| PROBLEM DESCRIPTION |
Return the lines of the material below exactly, beginning with the line that has "Public Health Recovery" in it and finishing with the line that has "The soft power" in it. Leave all pictures aside.

| INPUT MATERIAL |
== Segment start ==

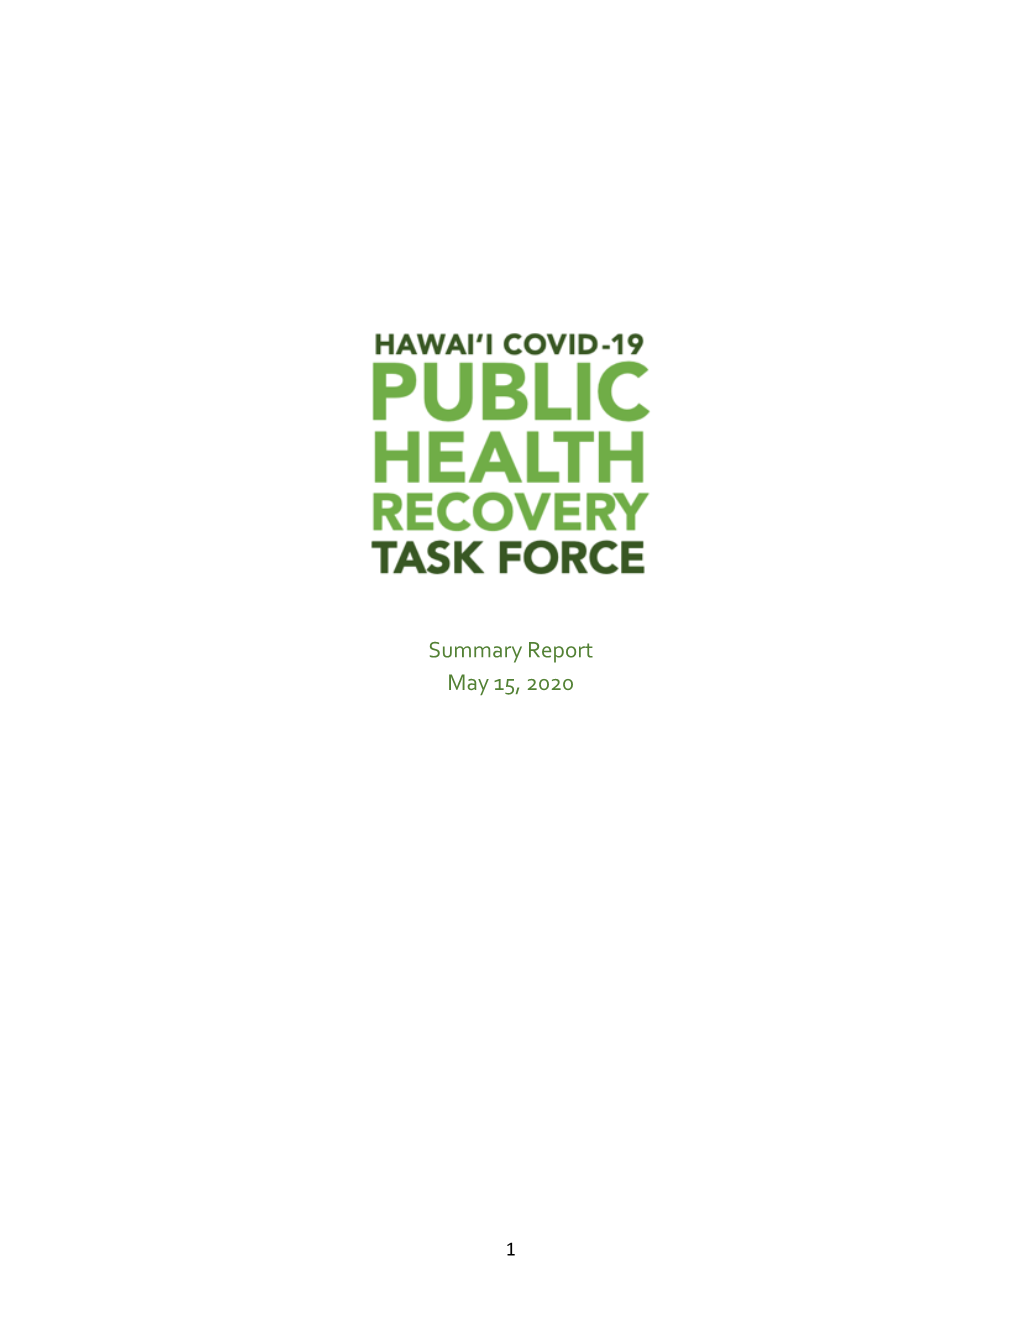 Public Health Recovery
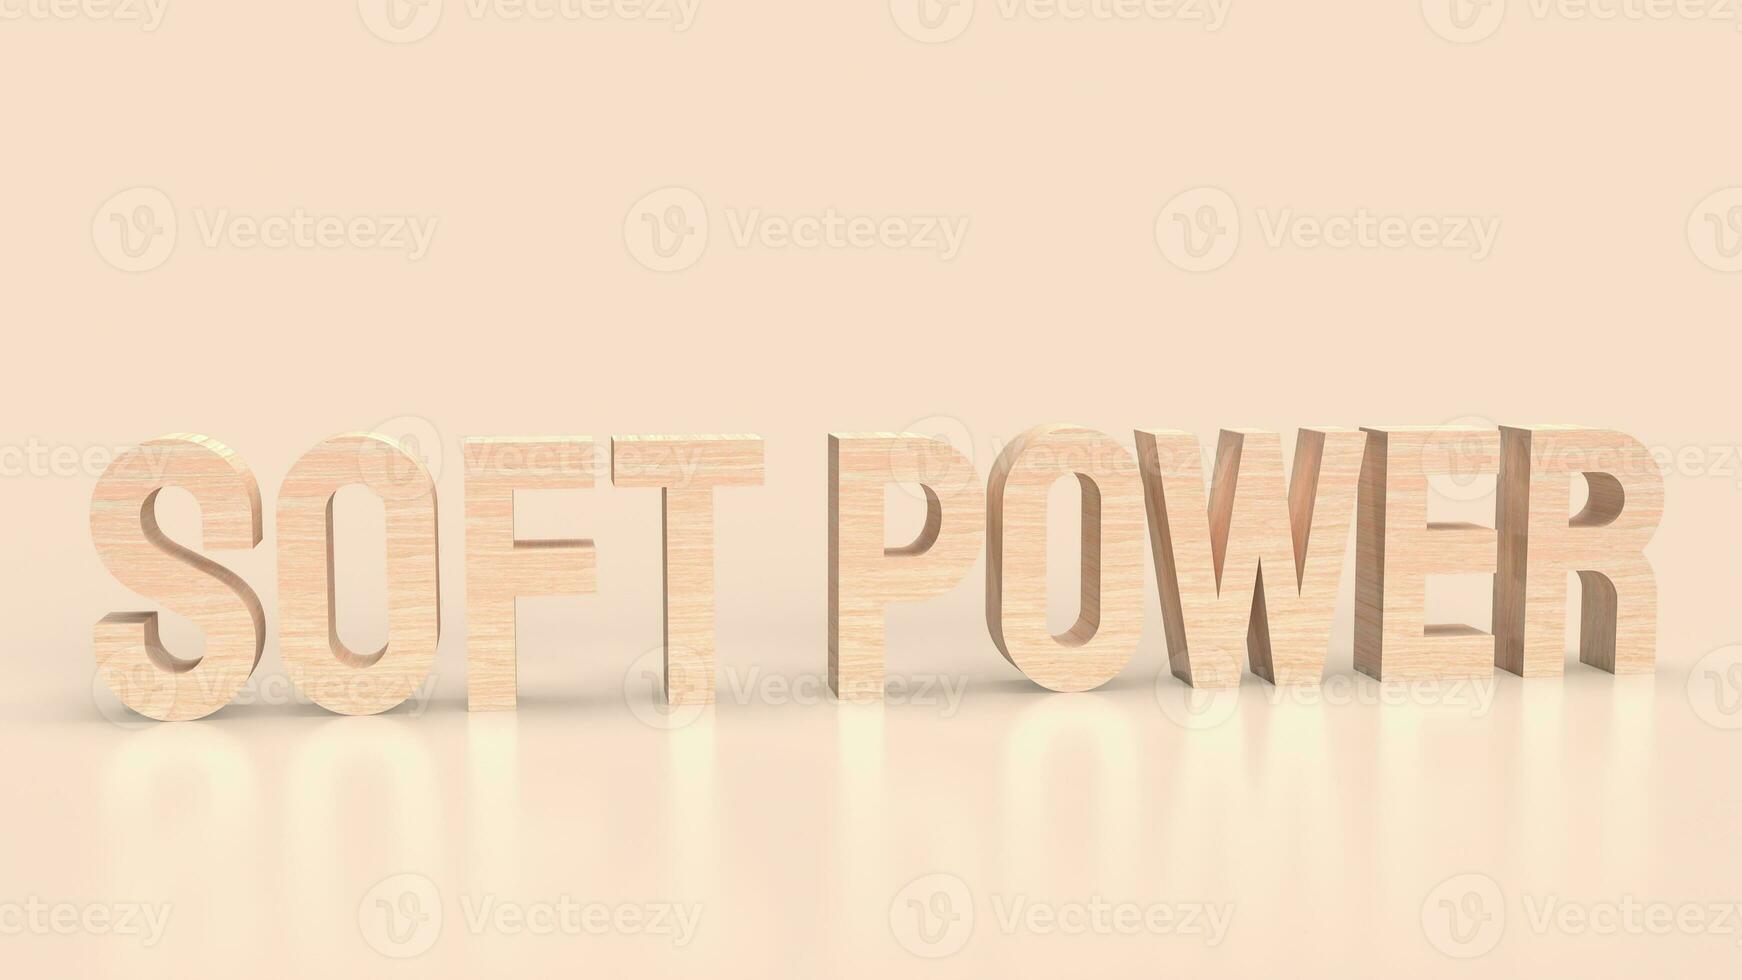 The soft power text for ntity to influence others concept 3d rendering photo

== Segment end ==
== Segment start ==

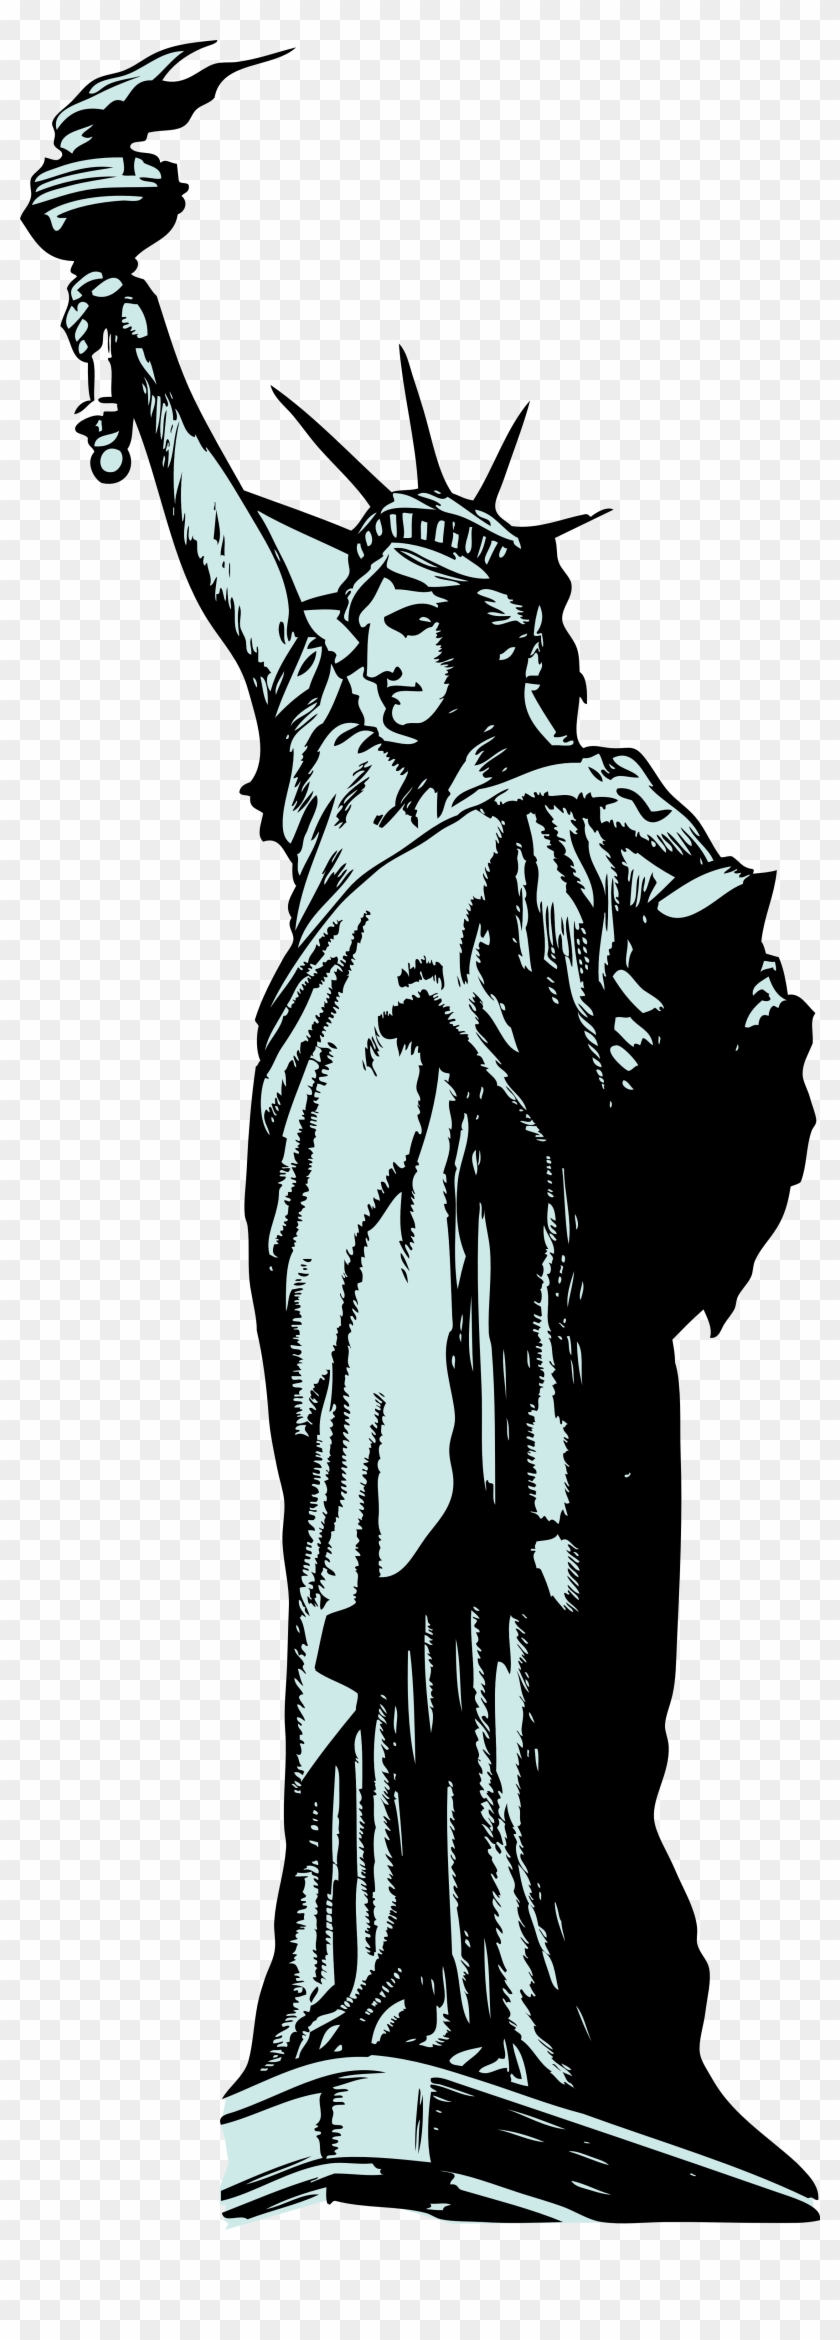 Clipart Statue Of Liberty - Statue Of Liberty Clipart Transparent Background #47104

== Segment end ==
== Segment start ==

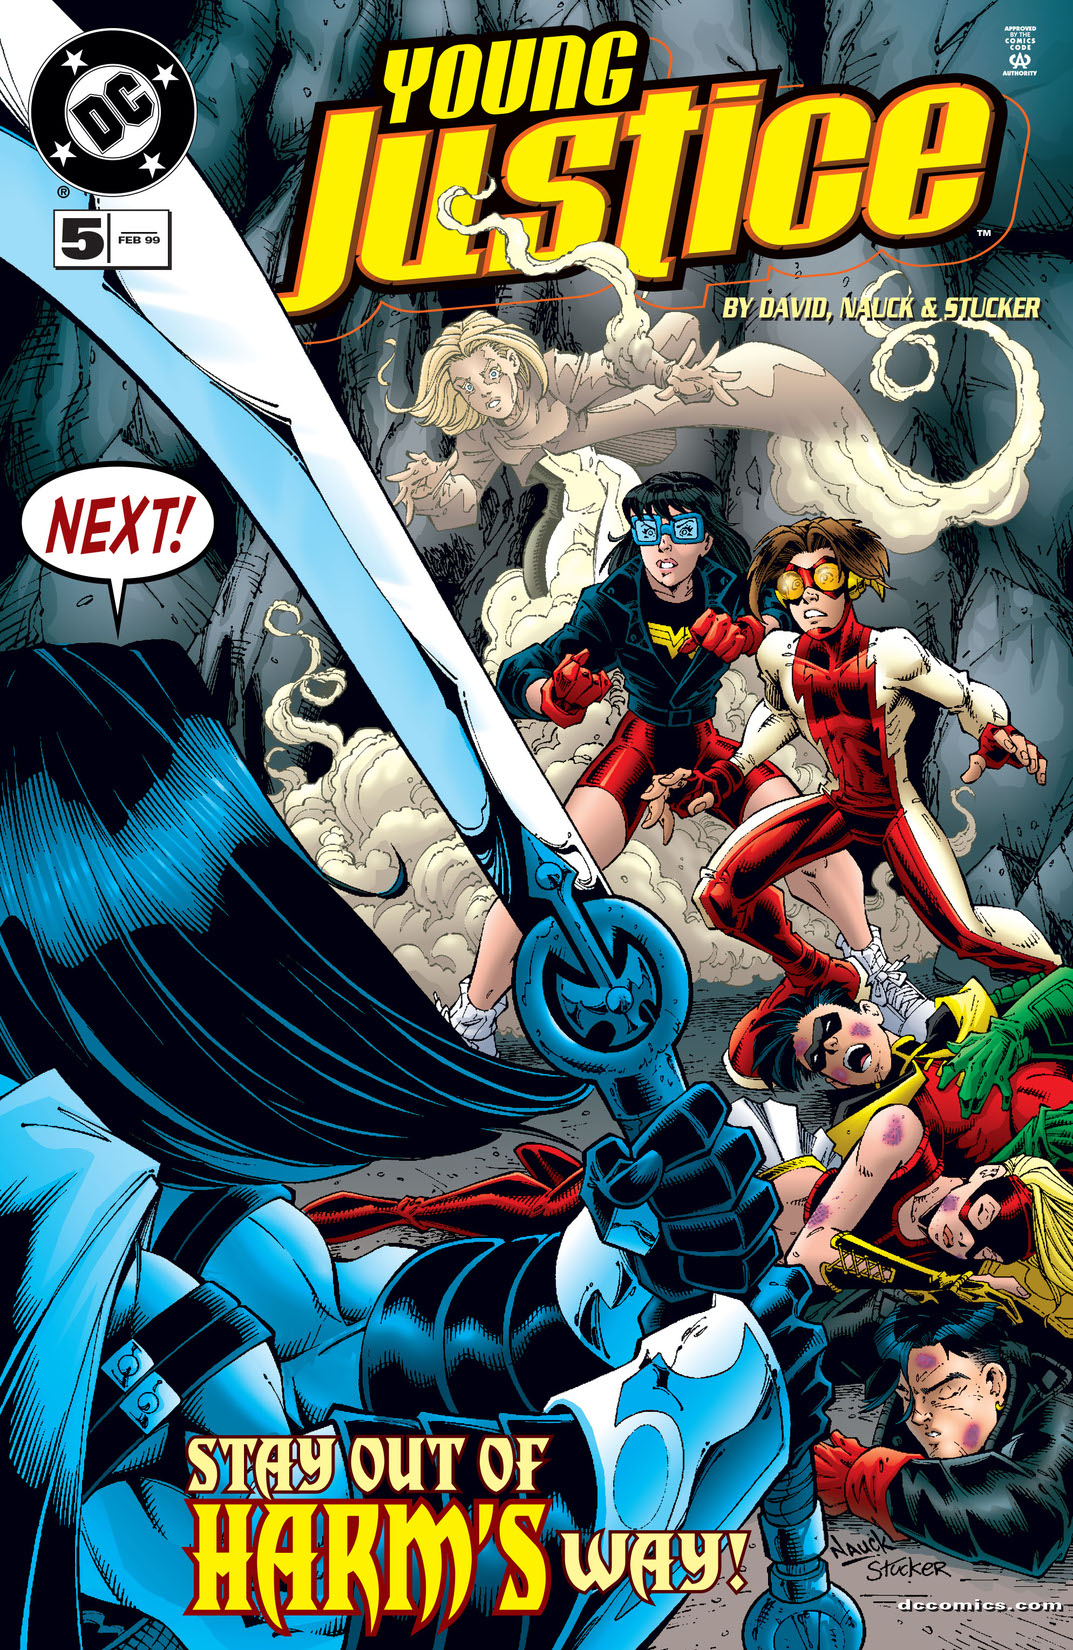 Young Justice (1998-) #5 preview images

== Segment end ==

| ANSWER |
 Public Health Recovery
 The soft power text for ntity to influence others concept 3d rendering photo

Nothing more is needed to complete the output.